I had a moment of panic at Isobels where I iscovered my purse wasn't in my bag and the last I remembered having it was at the checkout in sainsburys yestrday. I thought oh no I've left it in the shop!!! but phew I finally got home from work and there it was sitting patiently waiting for me to come and feed it.

My purse is a radley one, so has a little dog on it. when I first got it I told the kids it was so cute that we had to pick a name for the dog. They went through all sorts of names then I finally said Oh look his name is on the back. They fell for it. it's wonderful how you can mess about with kids like that lol

The new girl at work started today. She's lovely but she's kind of stick thin so I felt huge next to her. I can imagine though that even if I do get down to her size then I'm still going to feel bigger. I'm so glad I lost so much weight before she started or I'd have felt even worse.

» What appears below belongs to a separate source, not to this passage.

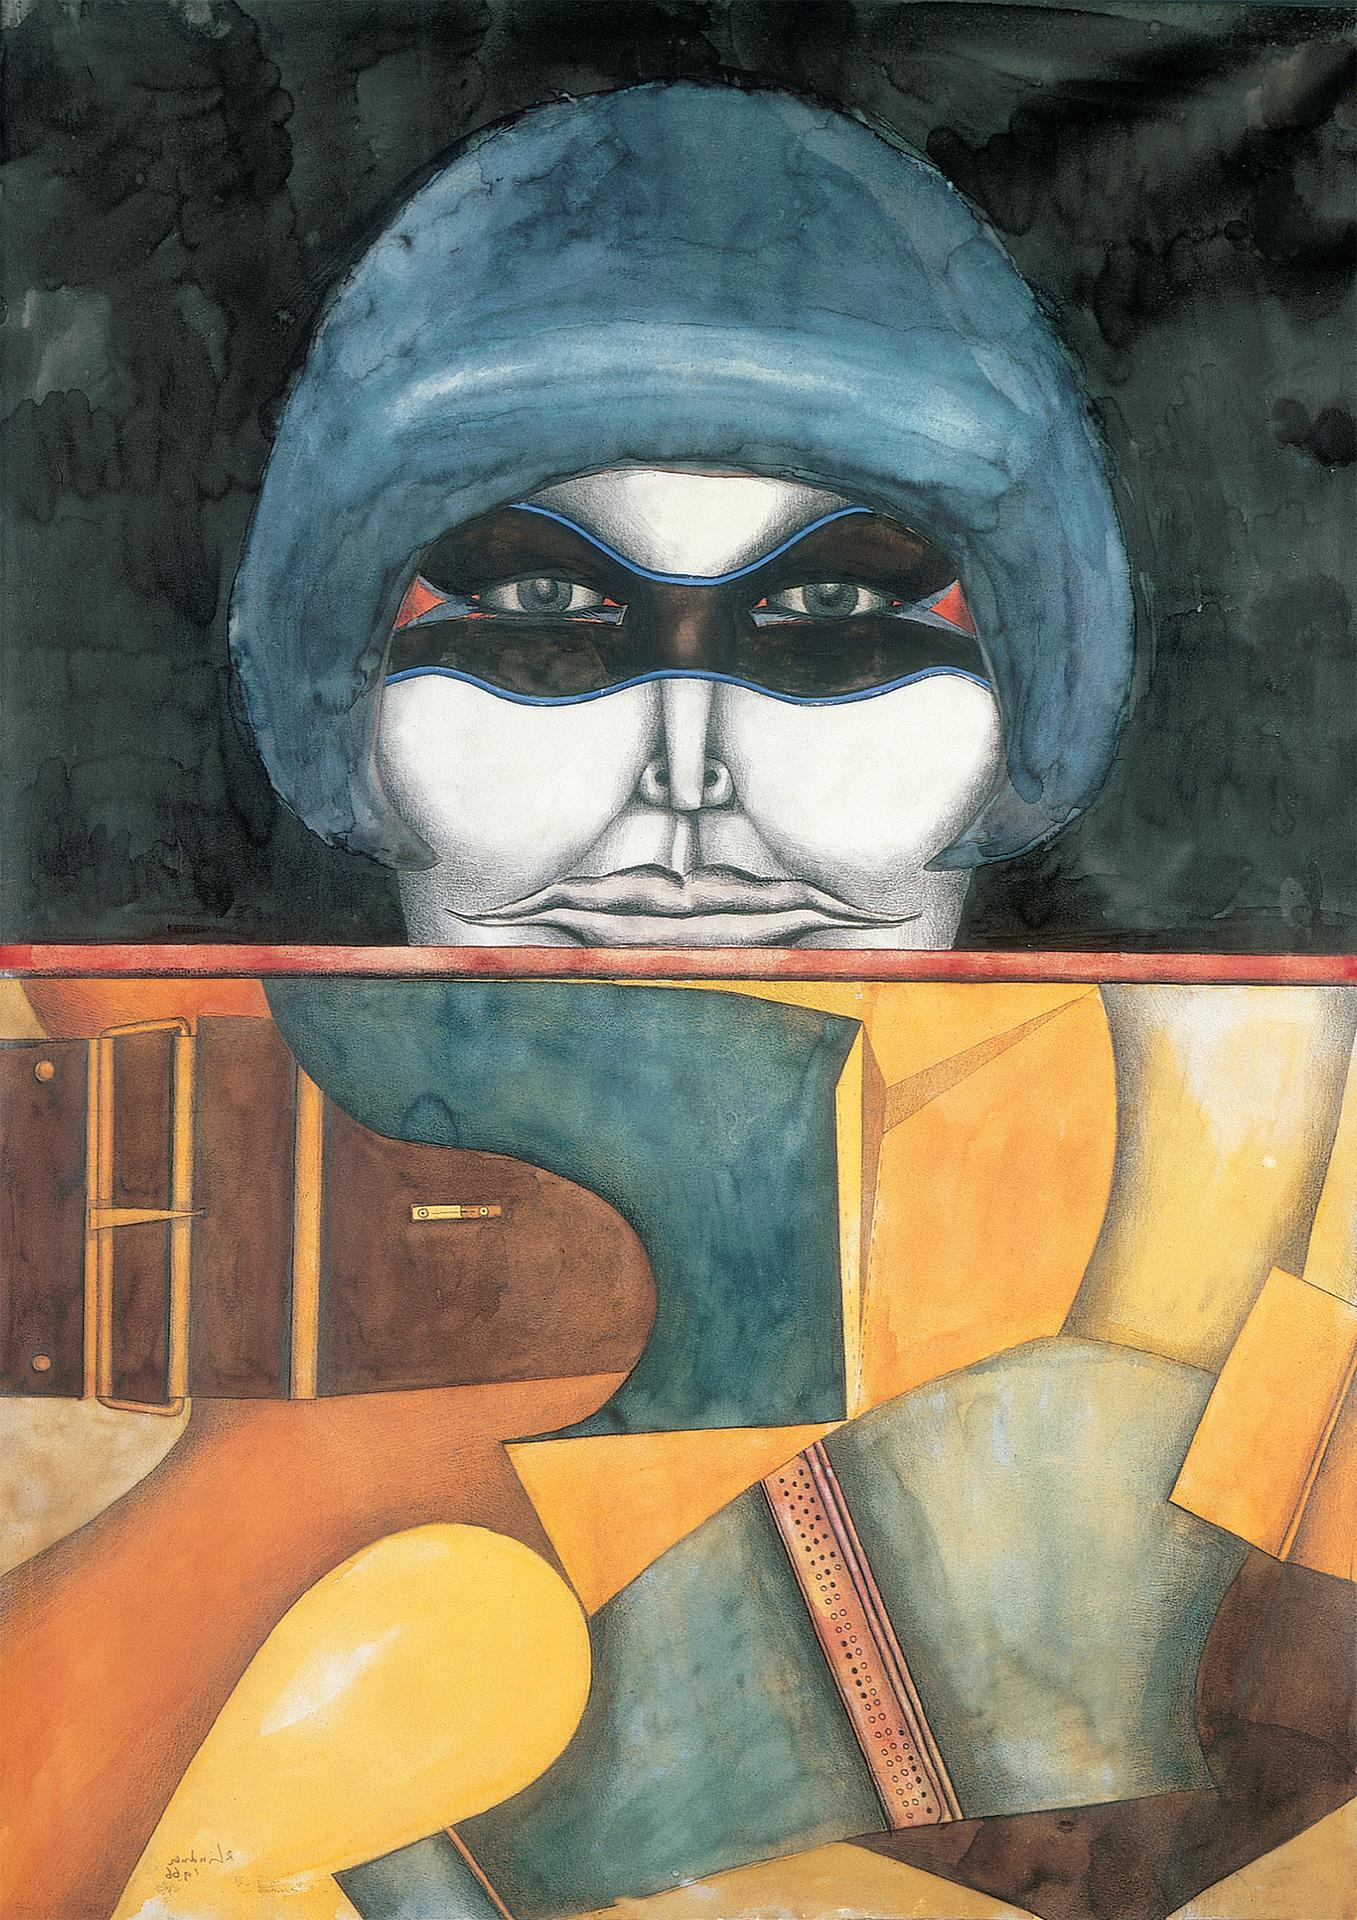 Untitled (Masked Woman), 1966

i've noticed abut myself that I have trouble looking people in the eye. I do it at work because it's the kind of environment where I have to talk to people, but out on the street or anywhere else I just cant do it. I don't know why. I need to start making an effort to do that it might boost my self confidence a bit.

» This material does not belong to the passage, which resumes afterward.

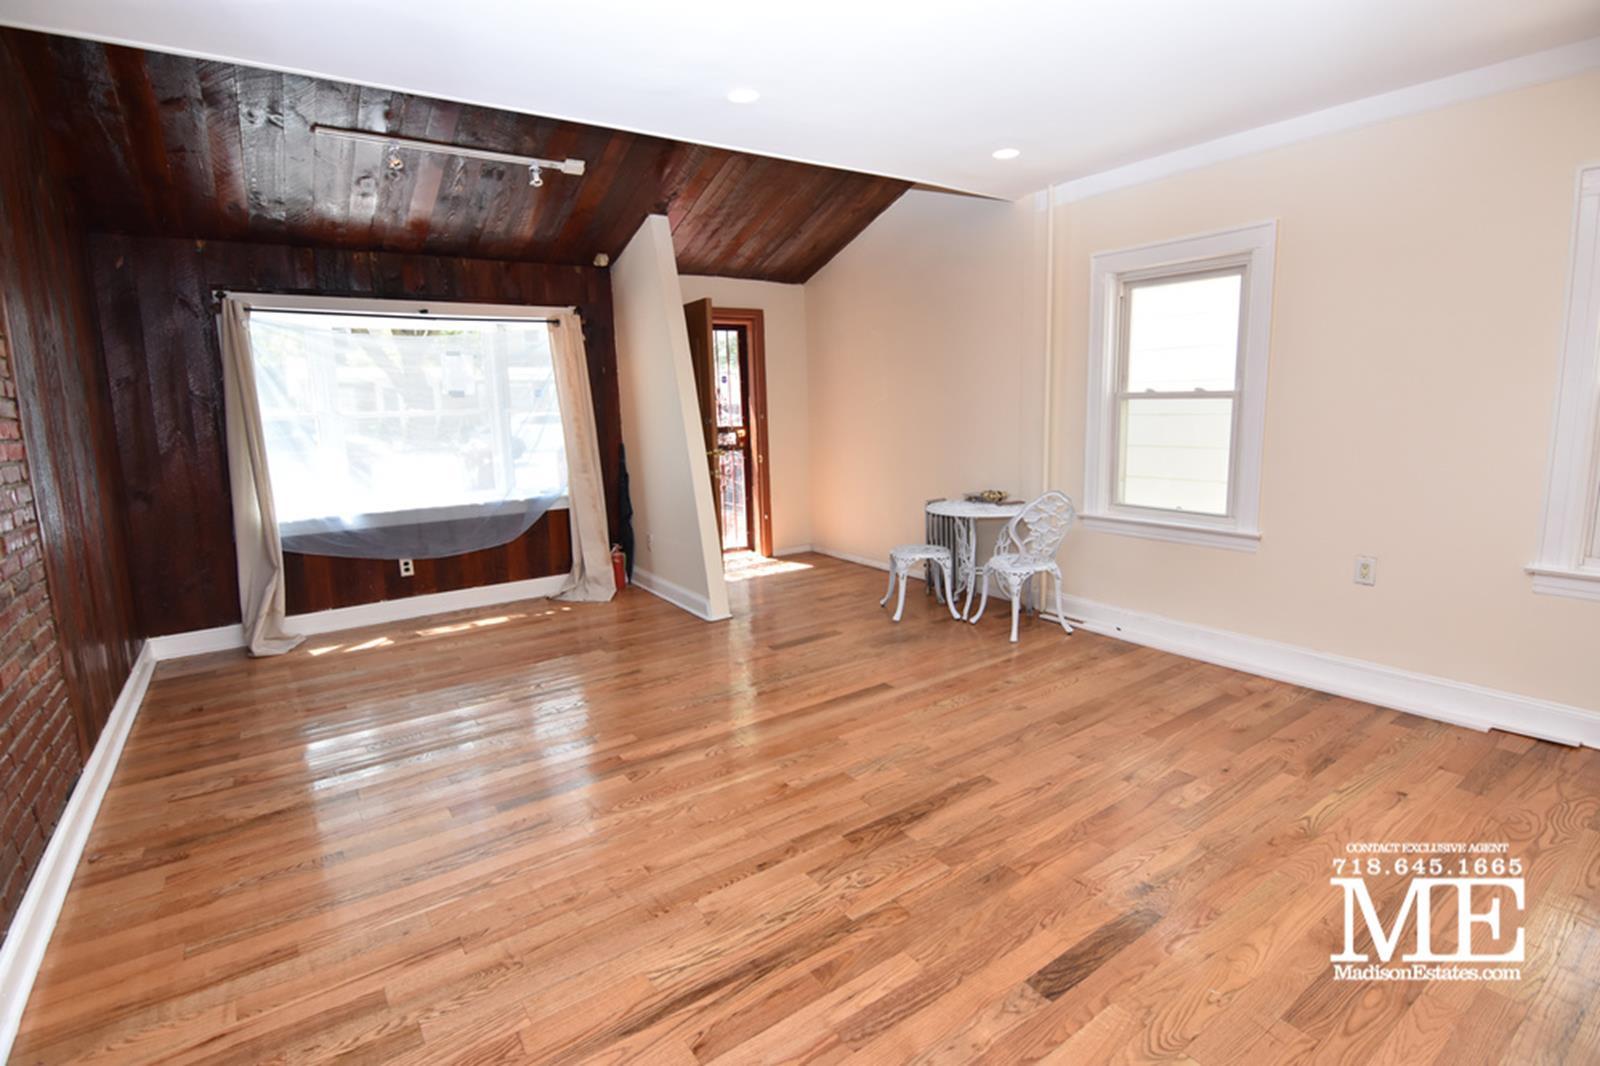 2037 East 55th Street Old Mill Basin Brooklyn NY 11234

Isobel said something today about my job being a great way to meet people which I'd never thought of it as that before. In my mind anyone going in there would just think I'm the fat lass in the sandwich shop who's too dumb to get a decent job anywhere else so she has to work for her mam. They have no idea I just spent the last 3 years at university, or that I actually have a personality or that I can actually do more than just make food. I hate that. I'm embarrassed that people insist on saying something about my mam and dad. For a start he isn't my dad and for another thing I don't call my mam mam I all her by her name. I don't need it pointed out to me what our relationship is and I dont need everyone else knowing thats why I work there and think badly of me because of it. It drives me mad. Is it bad that I'm ashamed of my job? I know it's not a bad job, but I wanted more for myself than to be stuck cooking and cleaning for the rest of my life. I wanted a decent job where I could sit at a desk and use my brain and have someone else do the cooking and cleaning for me. Now theres no chance of that. I'll be stuck earning a pittence forever and will never have anything more than the cheapest stuff cos thts all I can afford.

I'm feeling fed up with my life today, can you tell?